• _Exercise_
Leave out the pictures, and copy exactly the lines from the line with "Lacoste Herren Sneaker Schuhe" through the last line of the data below.

• _Data segment_
────────────────

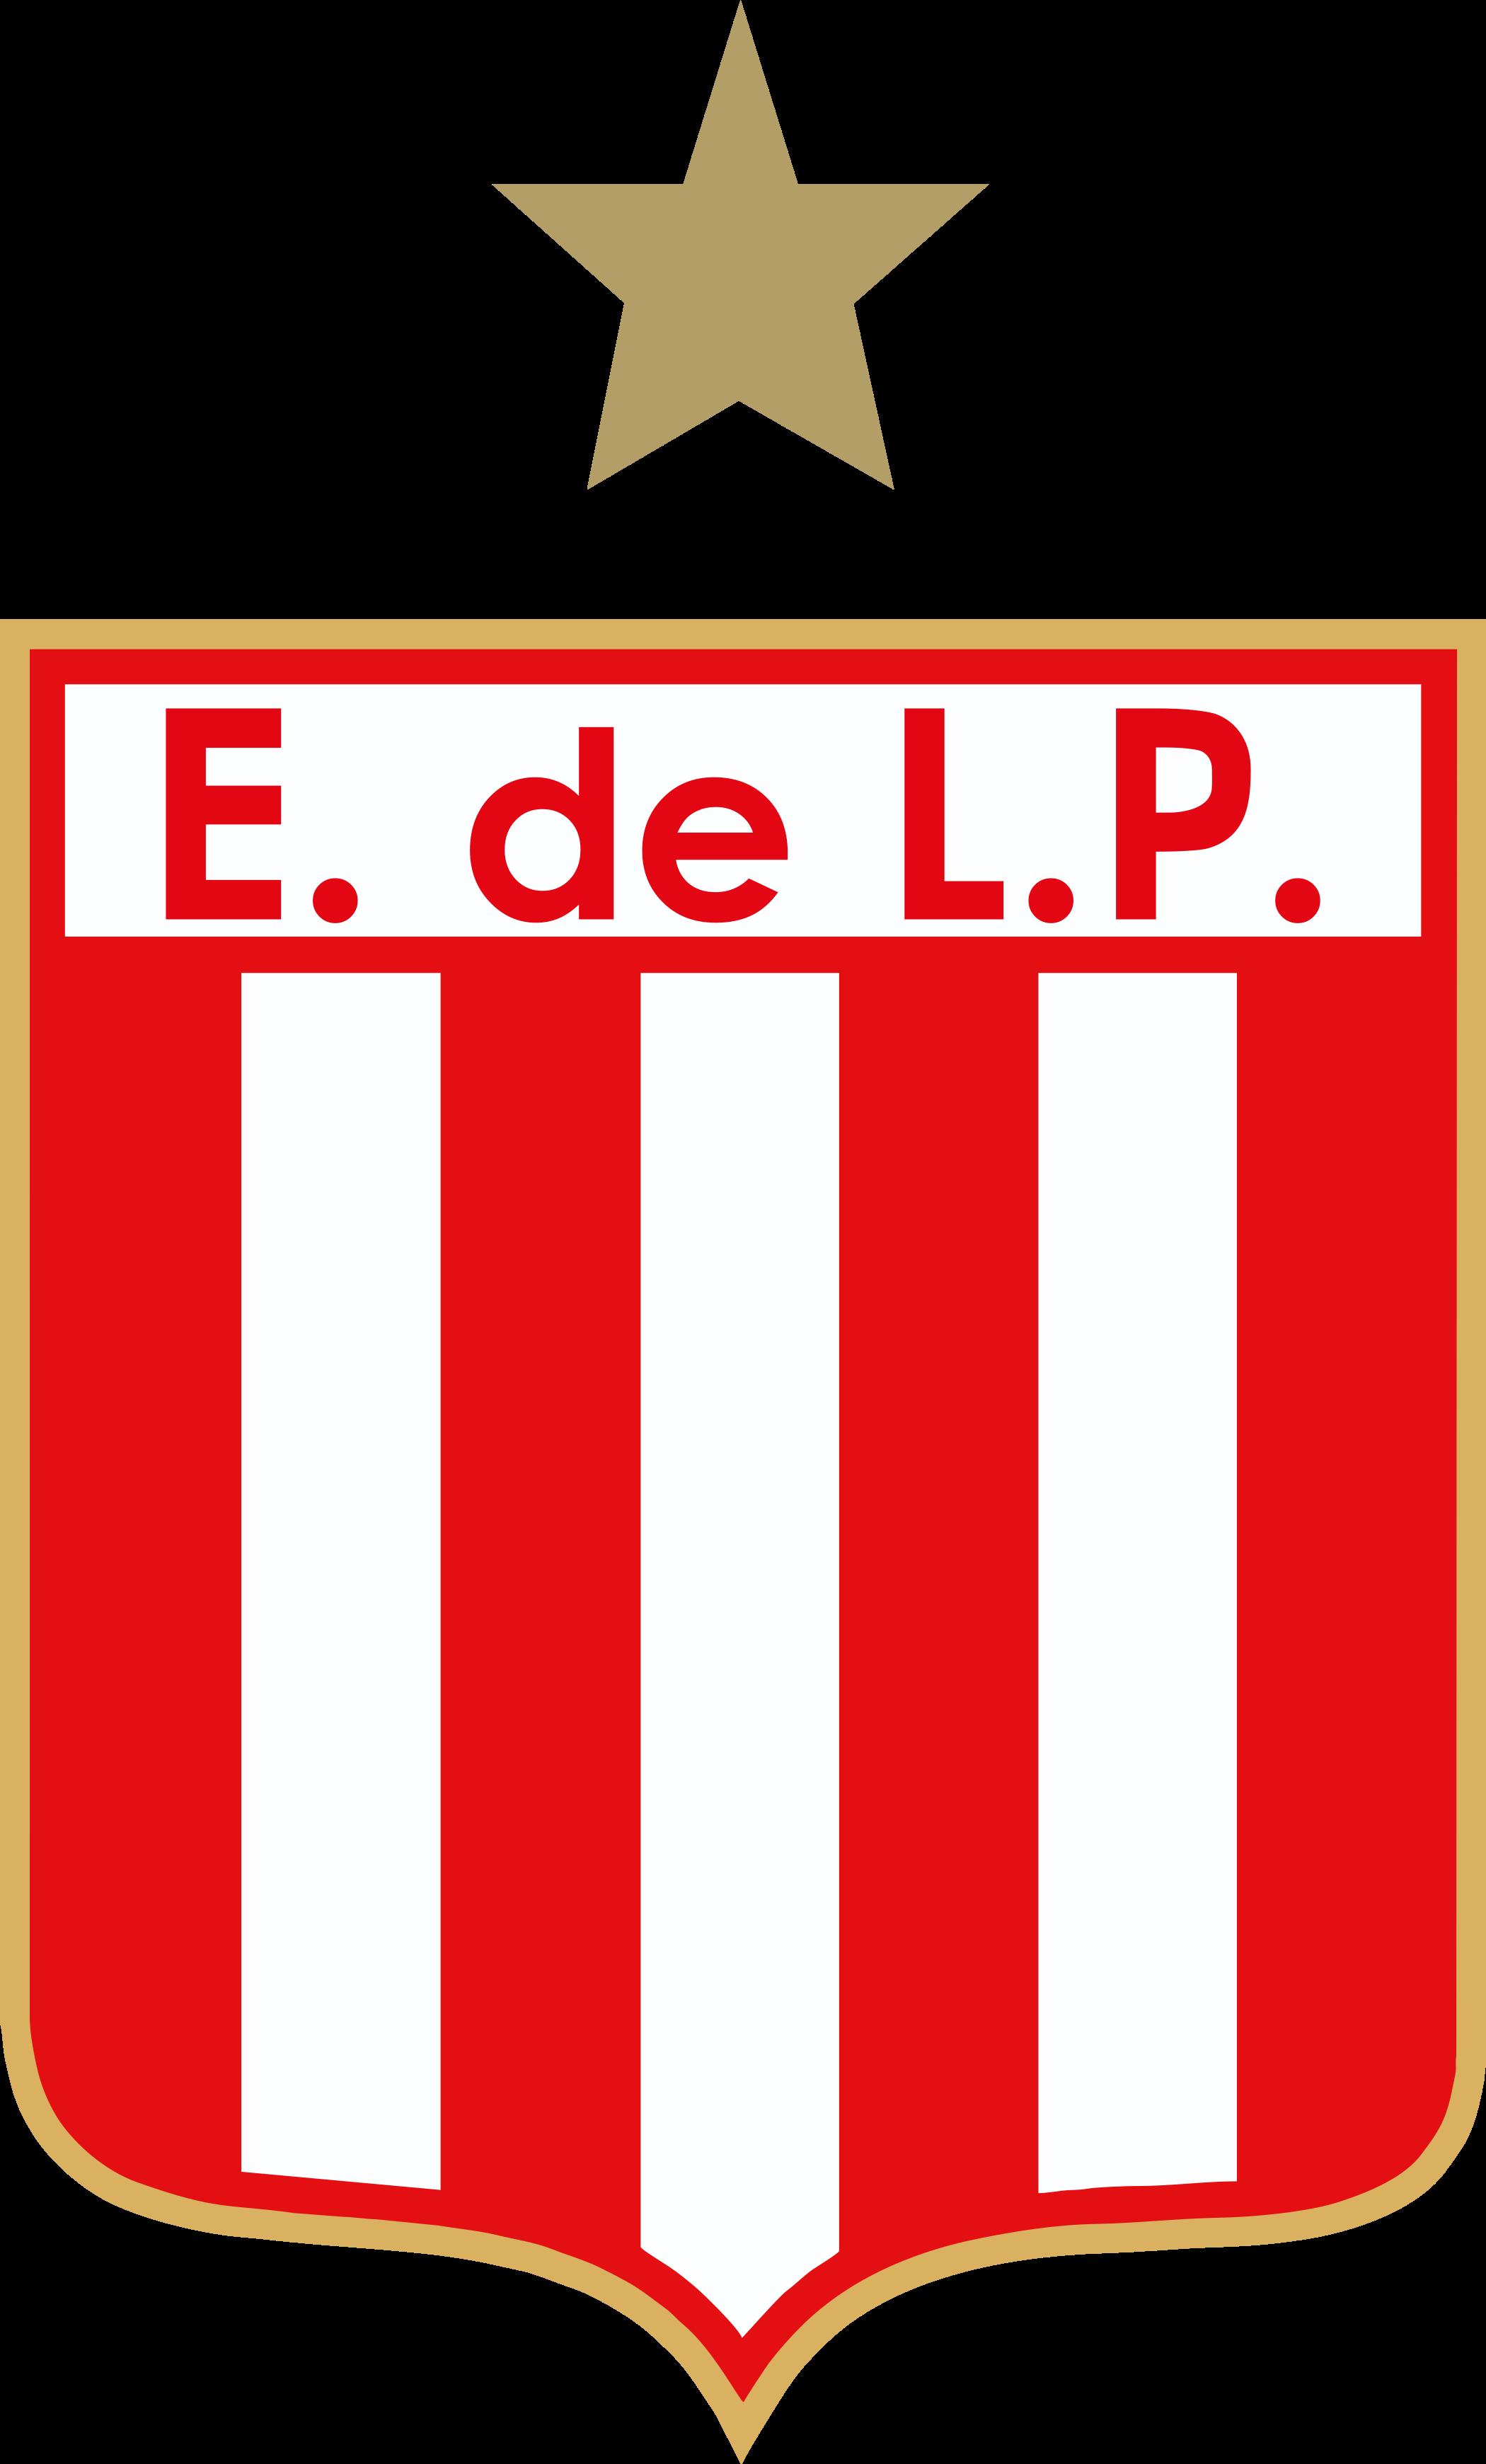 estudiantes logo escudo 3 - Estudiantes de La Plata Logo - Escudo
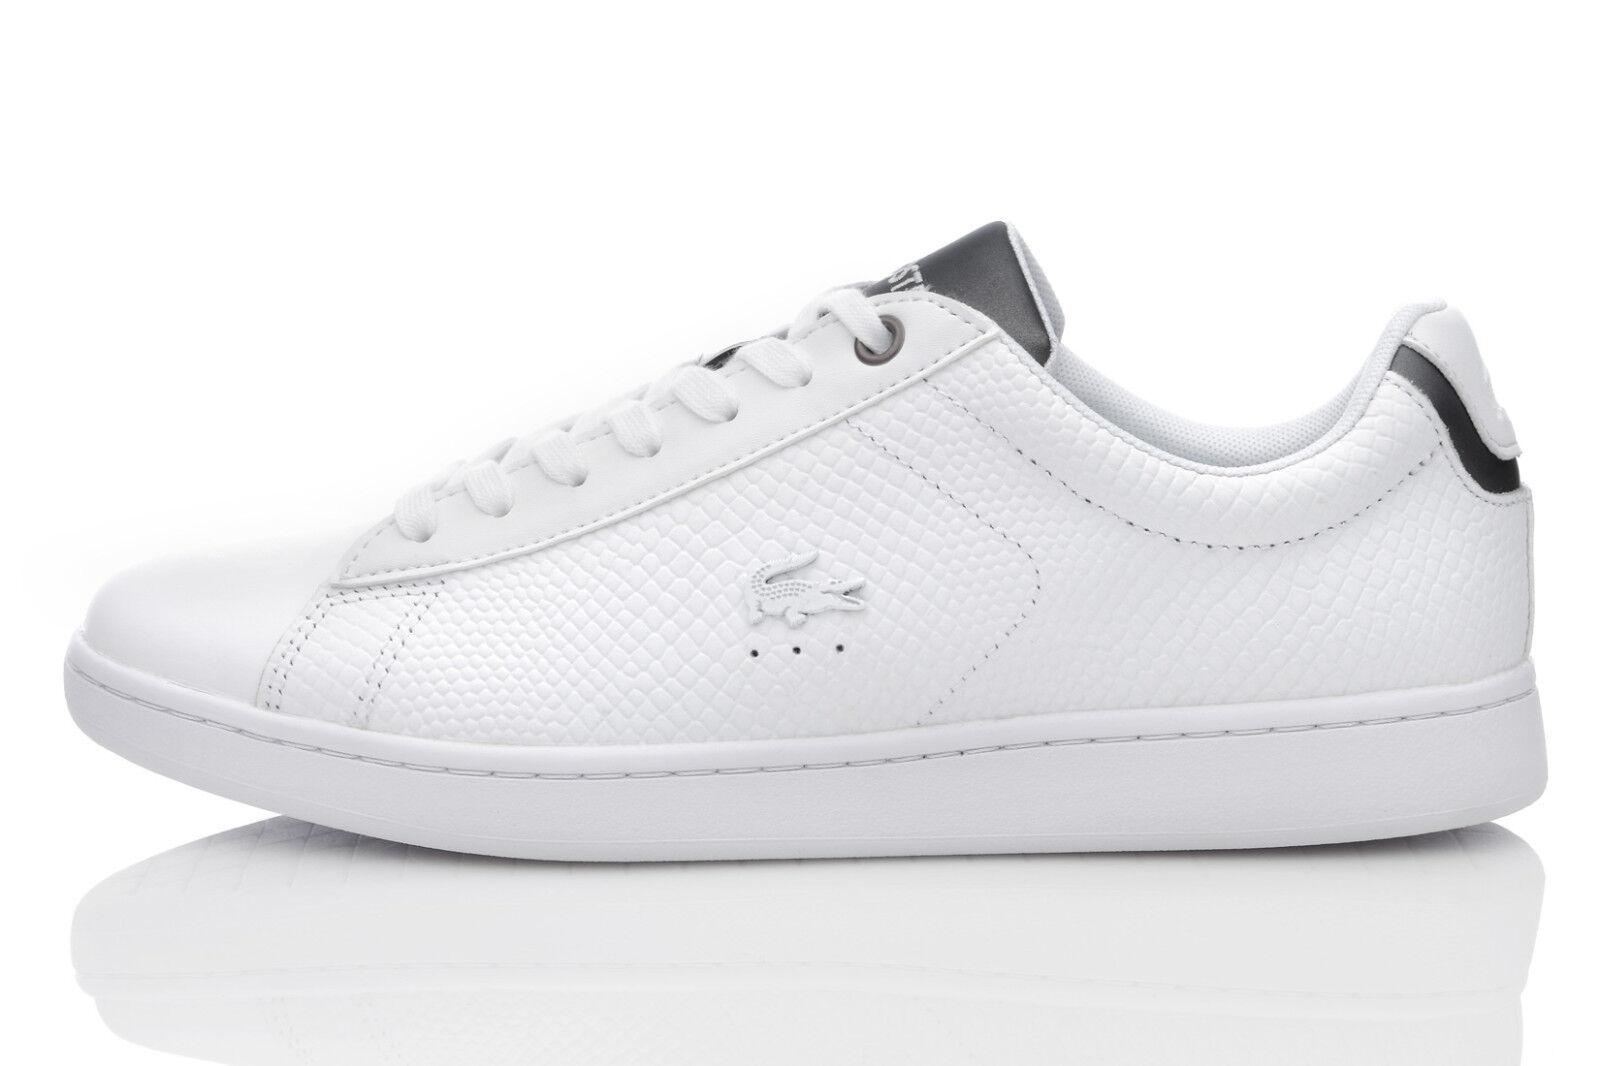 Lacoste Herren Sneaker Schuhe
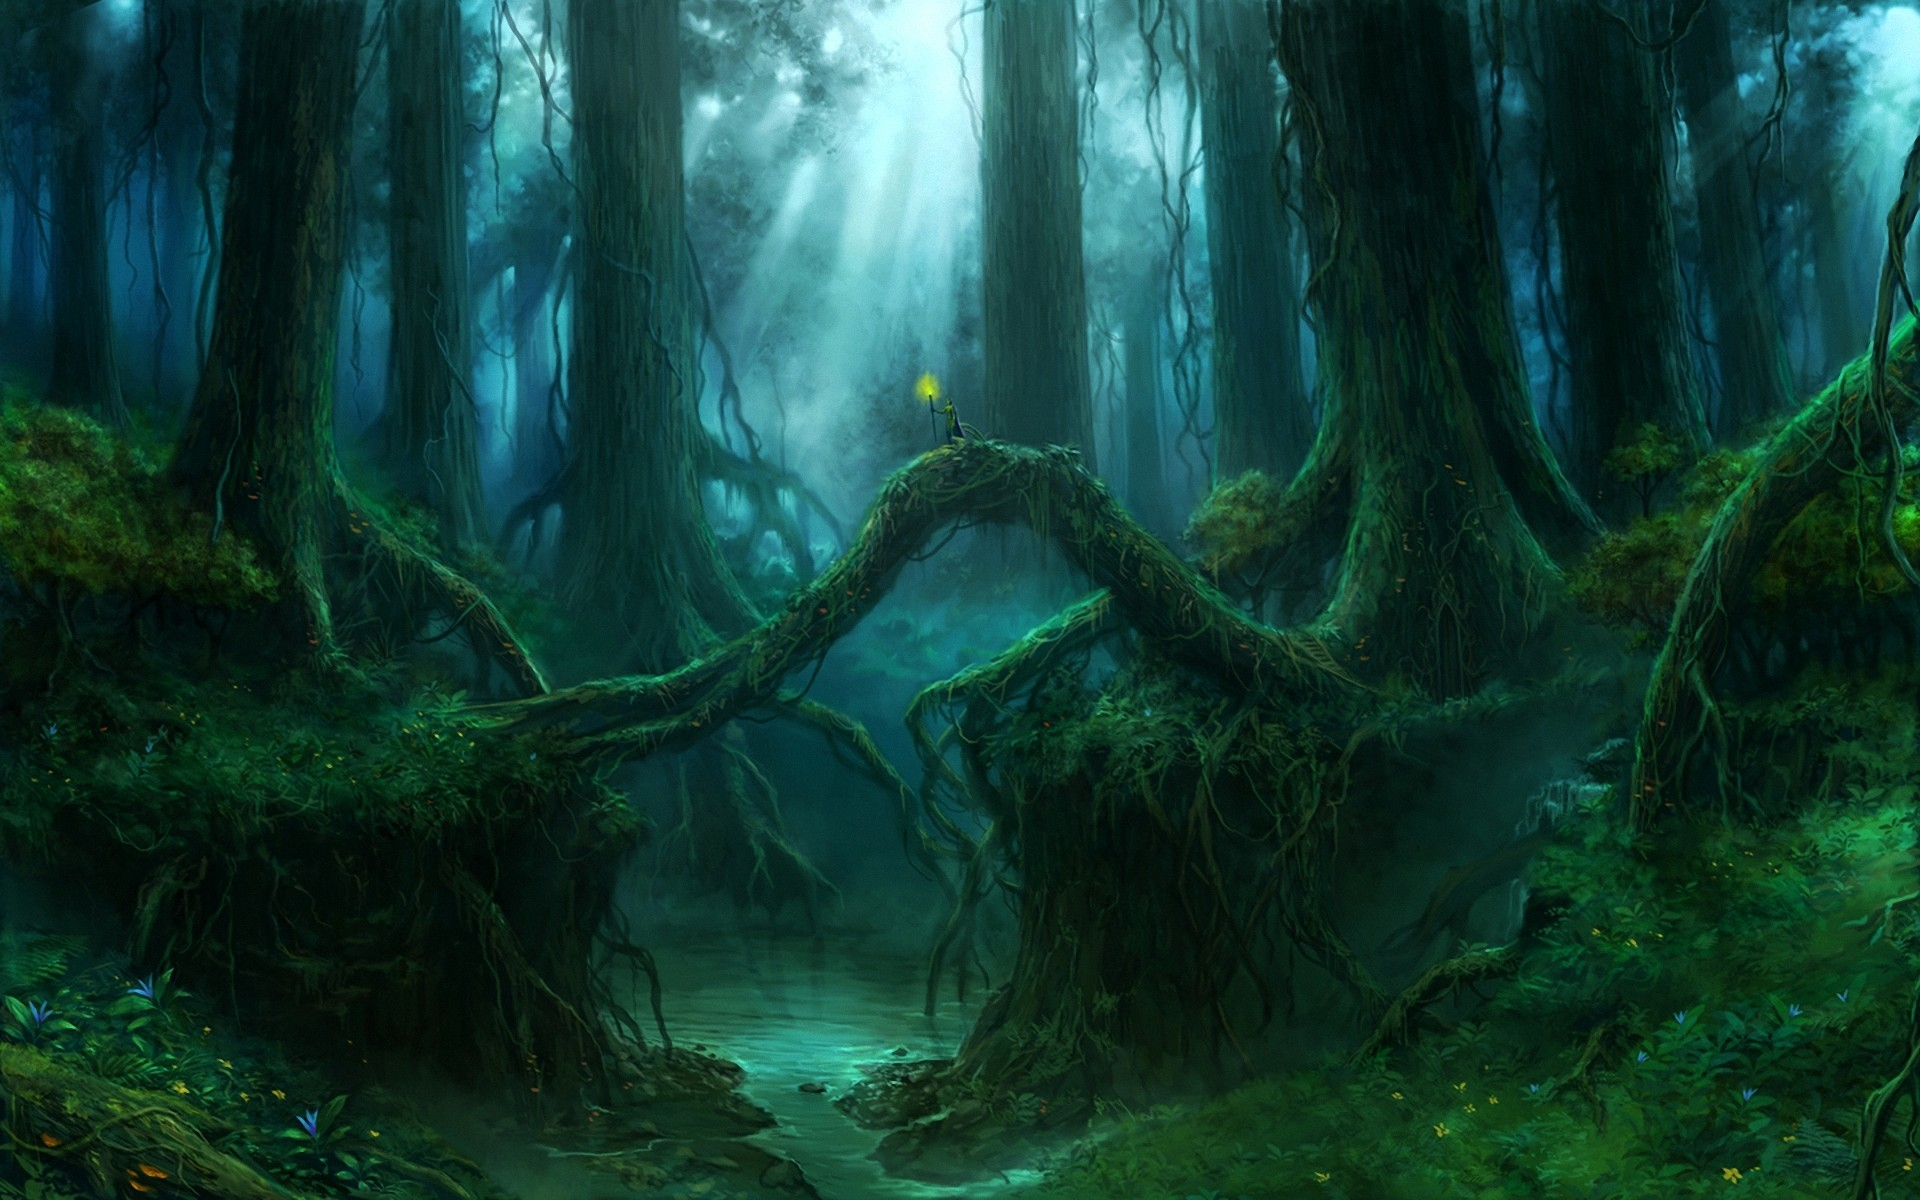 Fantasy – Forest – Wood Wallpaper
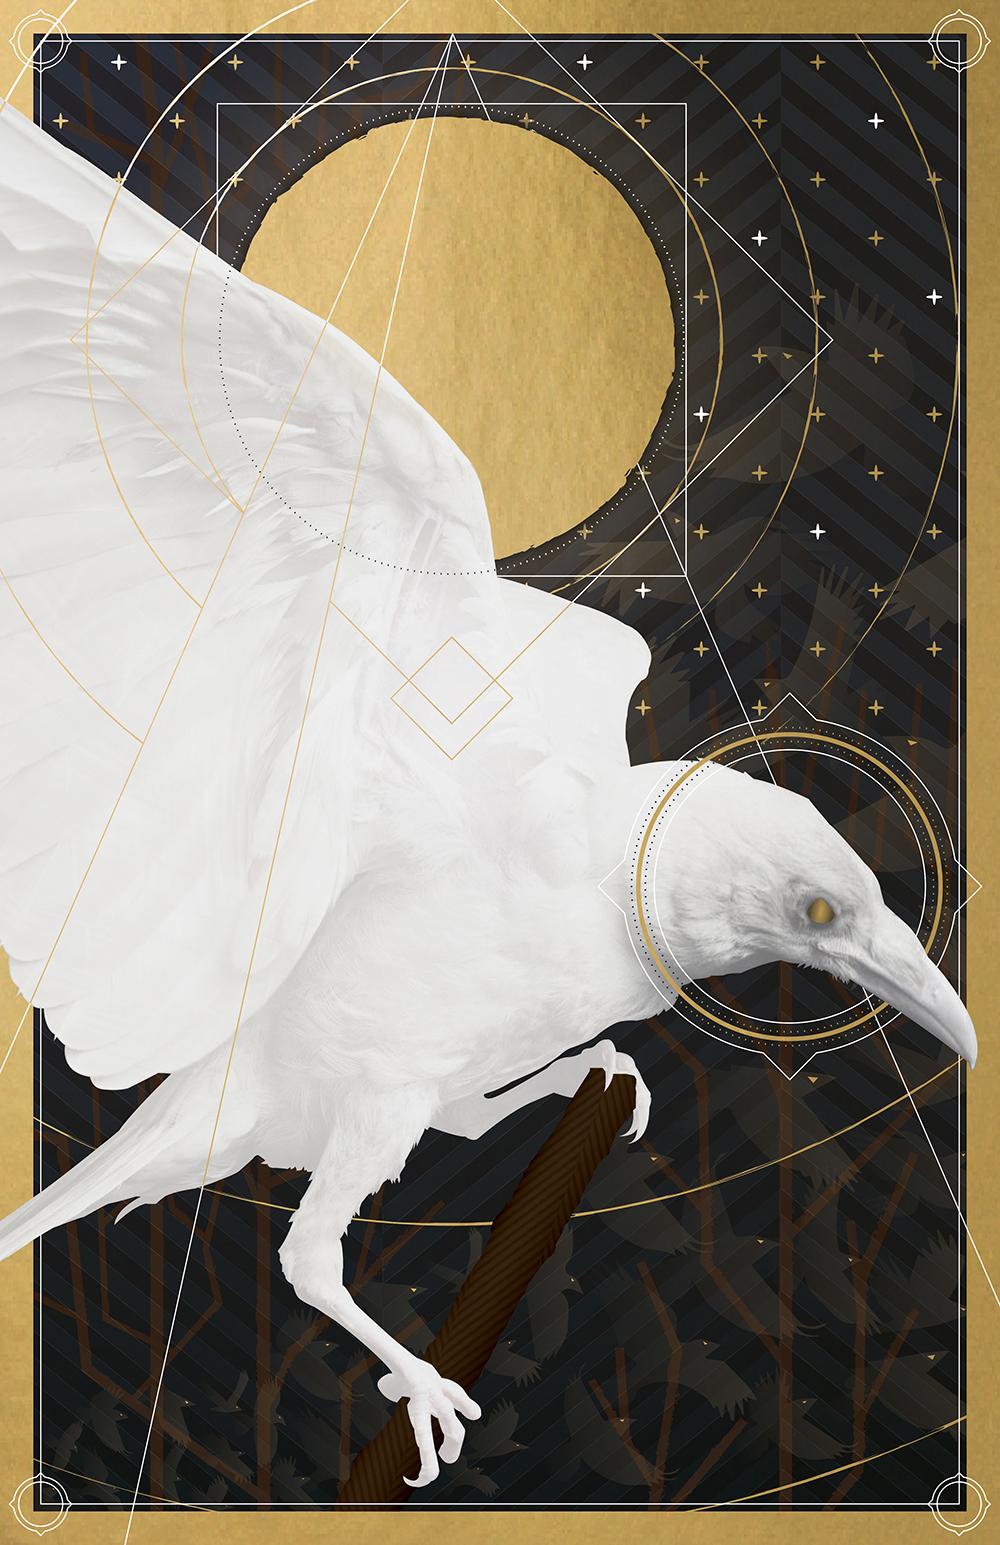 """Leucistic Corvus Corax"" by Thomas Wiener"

────────────────

• _Exercise result_
 Lacoste Herren Sneaker Schuhe
 Fantasy – Forest – Wood Wallpaper
 """Leucistic Corvus Corax"" by Thomas Wiener"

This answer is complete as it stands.